Al-Zaher Palace Museum
- Established: 1944; 82 years ago
- Location: Makkah, Saudi Arabia
- Coordinates: 21°26′46″N 39°48′29″E﻿ / ﻿21.446143°N 39.807972°E
- Type: History museum
- Collections: History of Makkah, Saudi archaeology, and Islamic heritage

= Al-Zaher Palace Museum =

Museum in Mecca, Saudi Arabia

Al-Zaher Palace Museum in Makkah, Saudi Arabia, is a historical museum that exhibits the history of Makkah and various archaeological collections for different periods of Islamic history in the region. It has an area of 2,700 m^{2}, covering two storeys and the surrounding gardens. It was built in an Islamic architectural style with cut and carved stone.

== History ==
Al-Zaher Palace was constructed in 1944. It was one of the headquarters for King Abdul Aziz in Makkah where he met the delegates of Muslim pilgrims from different Islamic countries.

The palace initially served as a guesthouse.
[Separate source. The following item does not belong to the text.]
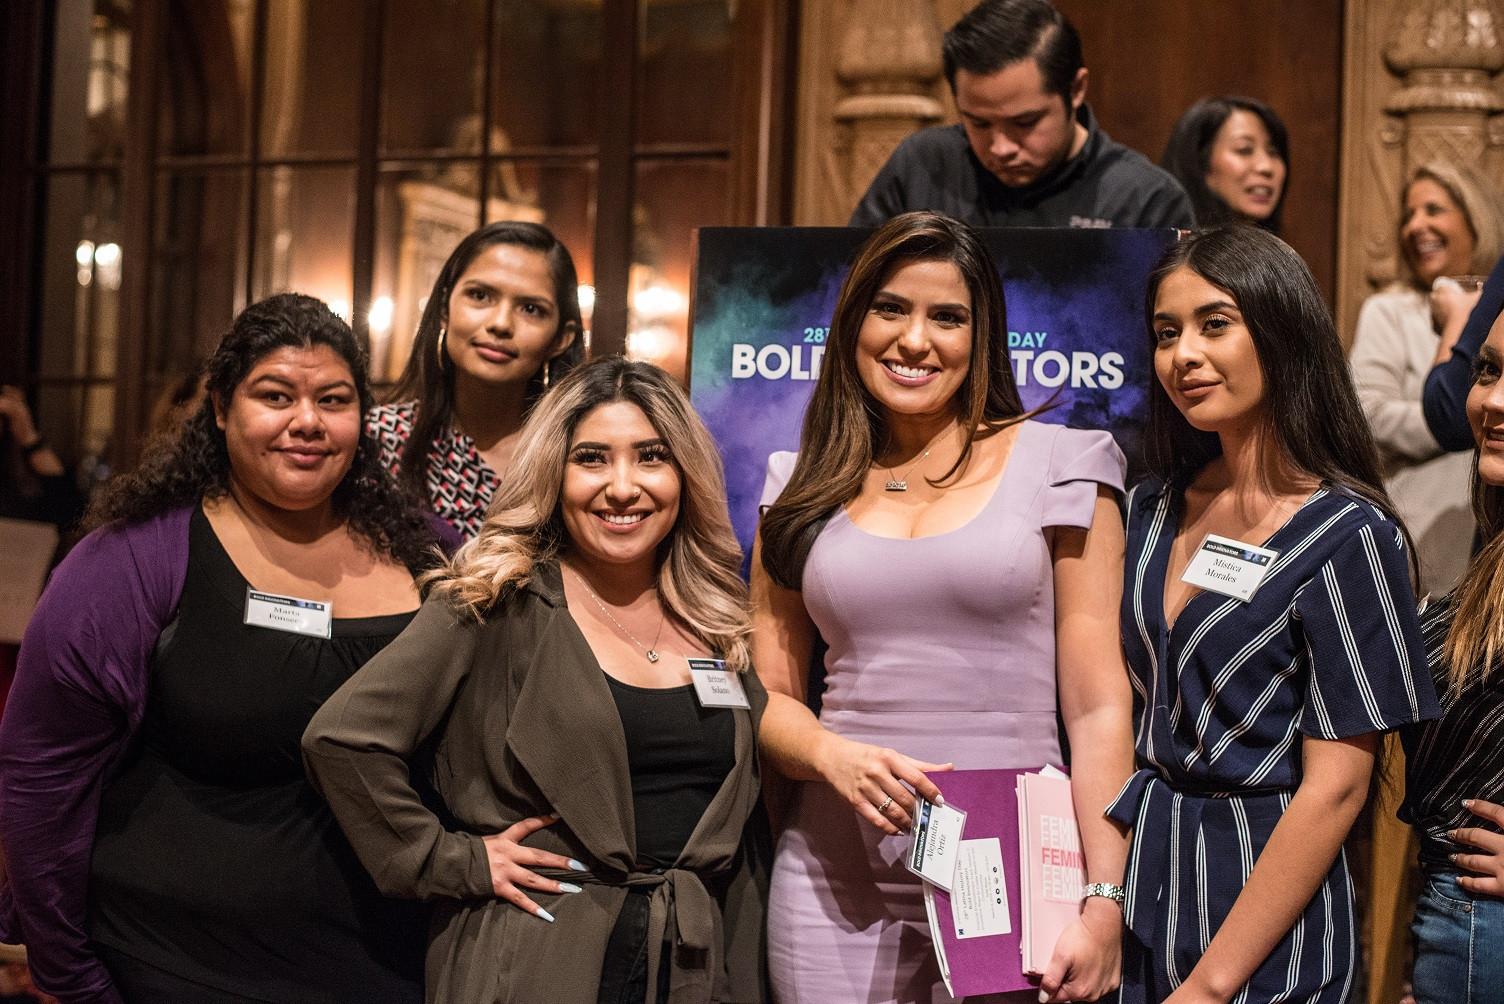 Moderator Alejandra Ortiz of Telemundo52 with conference attendees

In 1958, it became the premises of Al-Zaher Elementary School, before being renovated and converted into a museum of antiquities and heritage in 2006.

== Museum Halls ==
The museum consists of 15 halls, including:

- Pre-Islam Hall
- The Kingdom's Antiquities Hall
- The Holy Quran Hall
- The Prophet's Biography Hall
- Hajj Hall
- The Holy Mosque's Architecture Hall
- Makkah Heritage Hall
- Islamic Civilization Exhibits Hall
The Kingdom's Antiquities Hall displays rock inscriptions, fortresses, Hajj routes, and archaeological finds from across Saudi Arabia. The Hajj Hall includes historical photographs and maps of pilgrimage routes, while the Holy Mosque's Architecture Hall traces the development of the Grand Mosque and contains a model of the complex.